Soldier’s Girl

They didn’t know how dangerous love could be.

Lee Pace as Calpernia Addams / Scottie
Directed by Frank Pierson
Written by Ron Nyswaner
Release Date: May 31, 2003
Also starring: Troy Garity, Andre Braugher
Genre: Crime | Drama | Romance
MPAA Rating: R

The true story of a young soldier beaten to death for falling in love with a transgendered nightclub performer.

Trivia & Facts

• The film is based on a true story. However, in reality, the actual Barry Winchell was six and one half years younger than Calpernia Addams, but in the film the age difference is almost exactly reversed, Lee Pace, the actor who portrays Calpernia, is six years younger than Troy Garity, the actor who portrays Winchell.

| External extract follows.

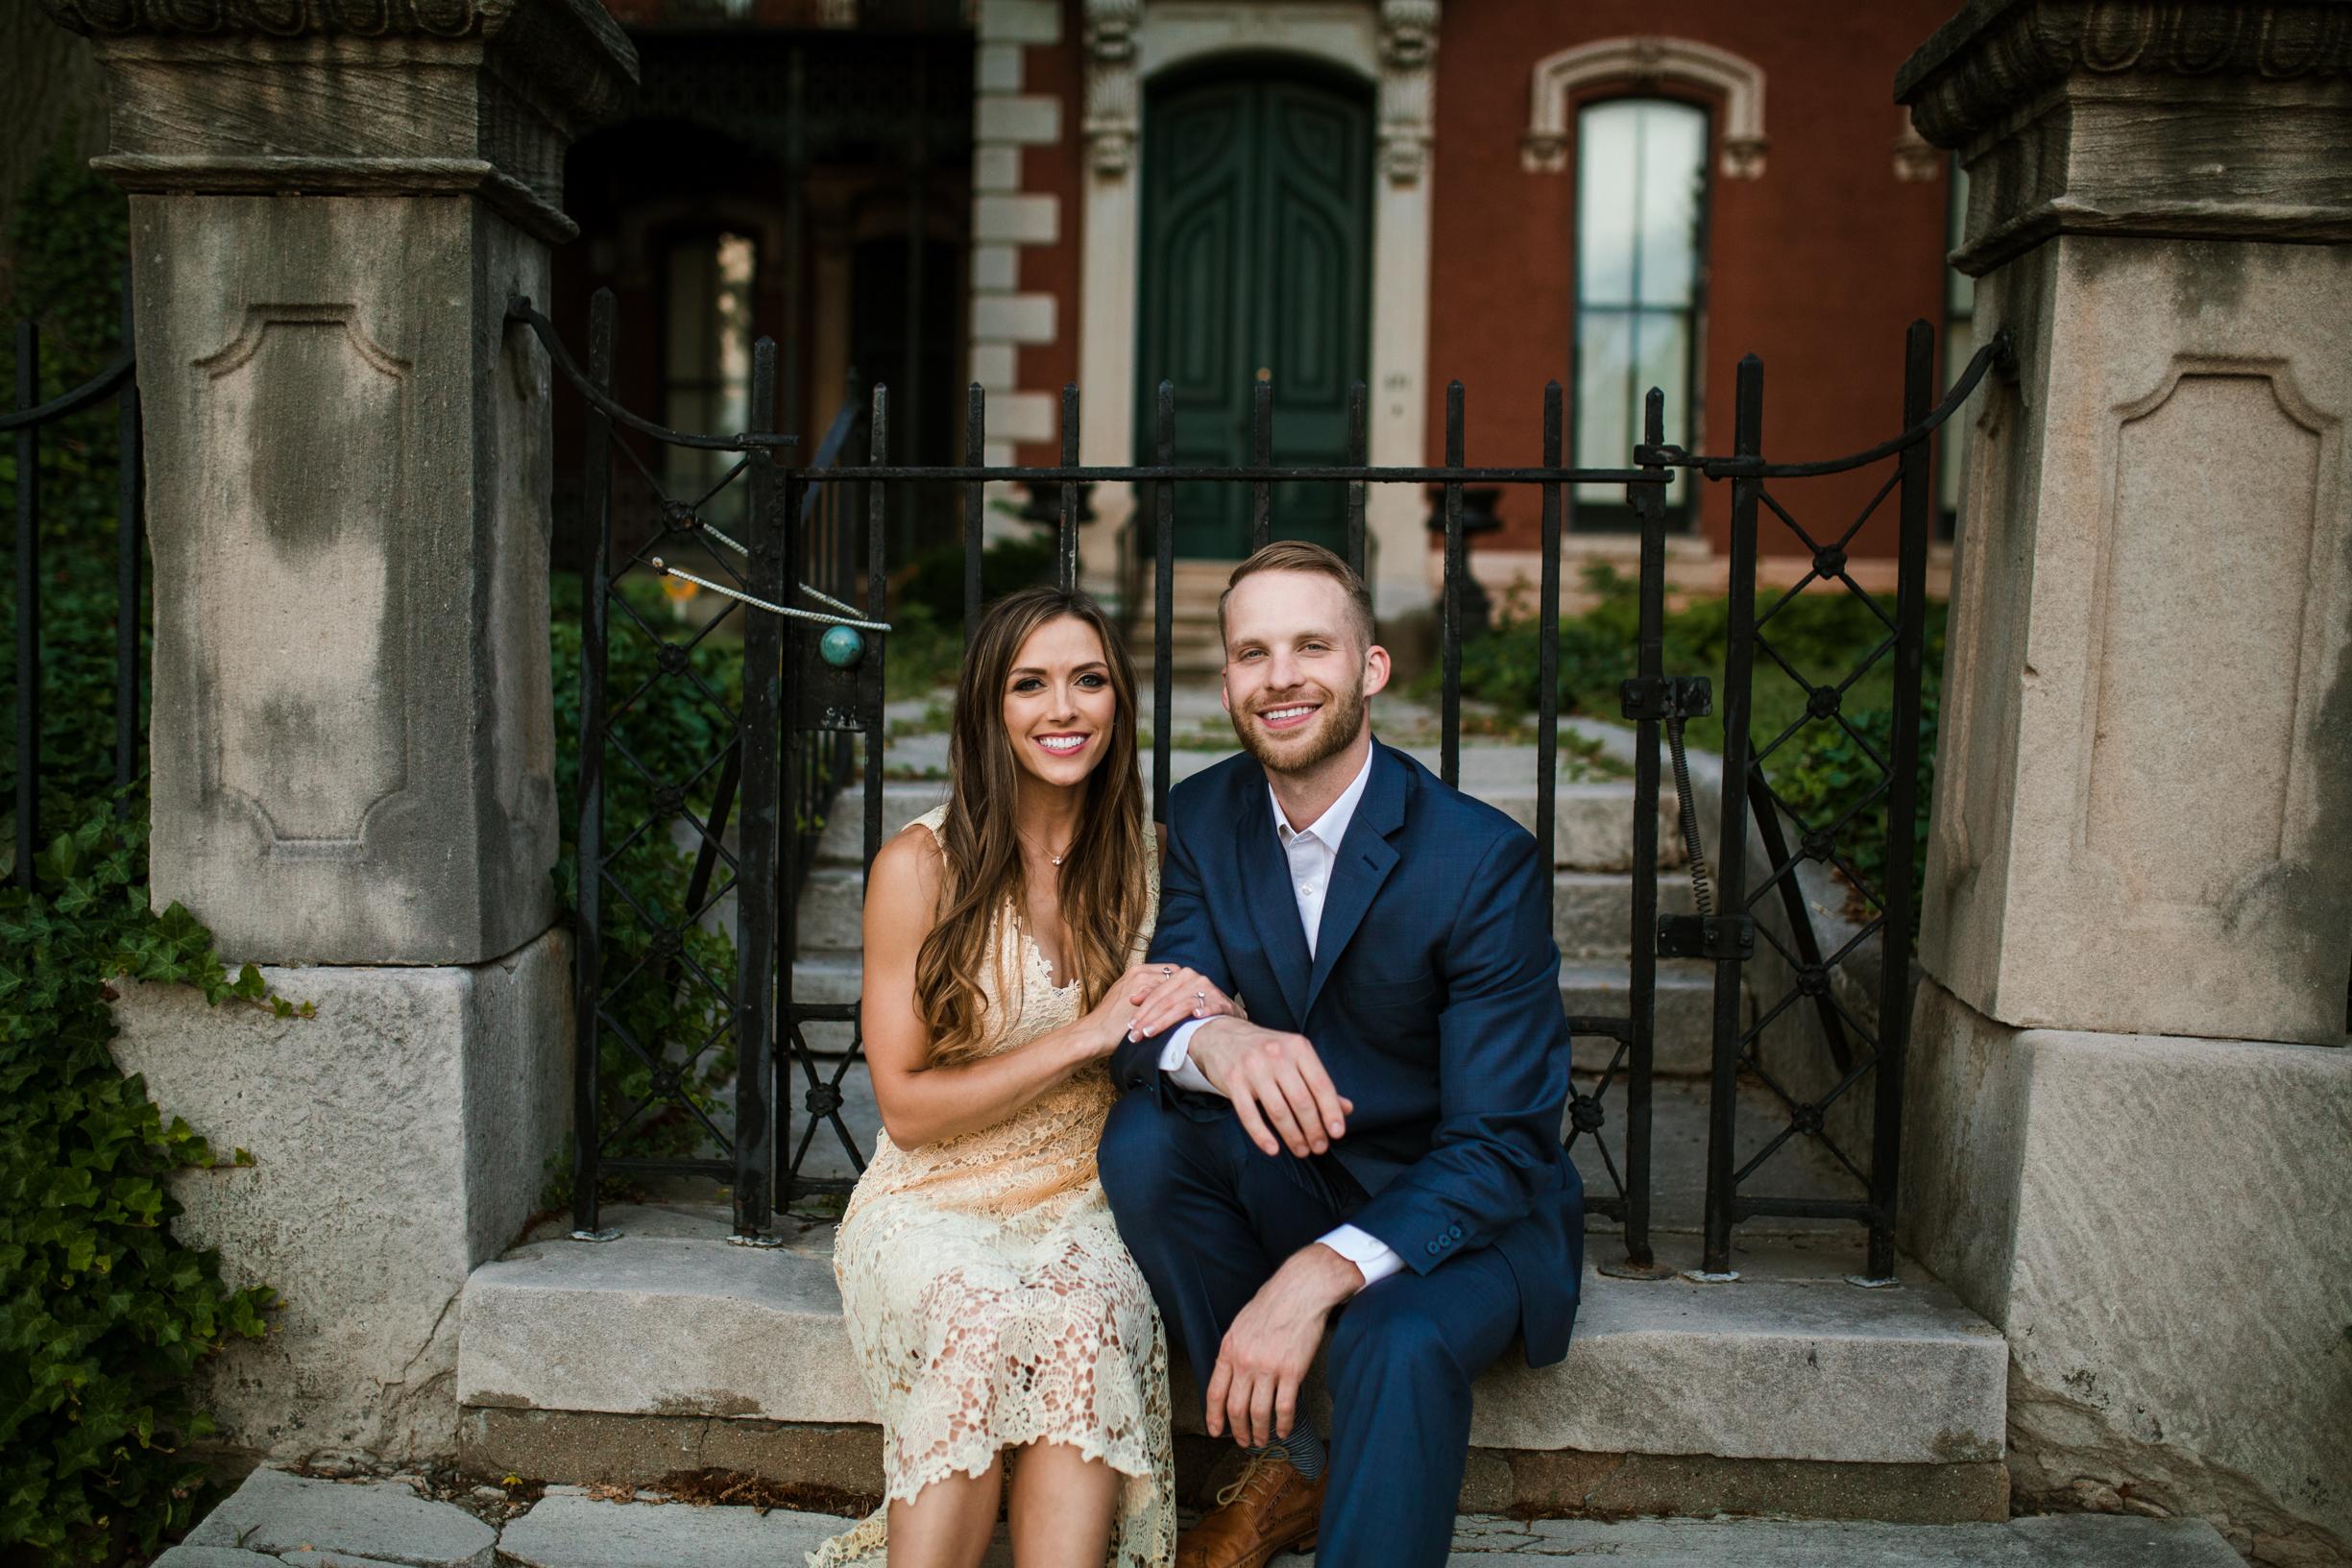 Victoria & Chad Engagement 2018 Crystal Ludwick Photo Louisville Kentucky Wedding Photographer WEBSITE (25 of 48).jpg

• First film role for Lee Pace.

• Lee lost 25 pounds for this role by not eating anything and sleeping all day.

Memorable Quotes

Calpernia Addams: The imagination is the most powerful force known to mankind. And it is my imagined self, the one who is beautiful and loving and worthy of being loved, that has been my guiding force. My inspiration. I can only hope to become the person Barry imagined me to be. I pray for the courage it will take to become a real, live soldier’s girl.

Calpernia Addams: Under all this hair and make-up, I’m just a piece of white trash from the hills of tennessee. I like shit-kicking country music, and sometimes when I’m home all alone, I eat baked beans right out of the can.

Calpernia Addams: The dangerous thing about dreams, you begin to believe they will come true.

Quotes About The Film

“Frank Pierson sent me on the right track. He said to just watch real women— how they talk, how they walk. Observe all the tiny details.” (On how he prepared to be a realistic woman.)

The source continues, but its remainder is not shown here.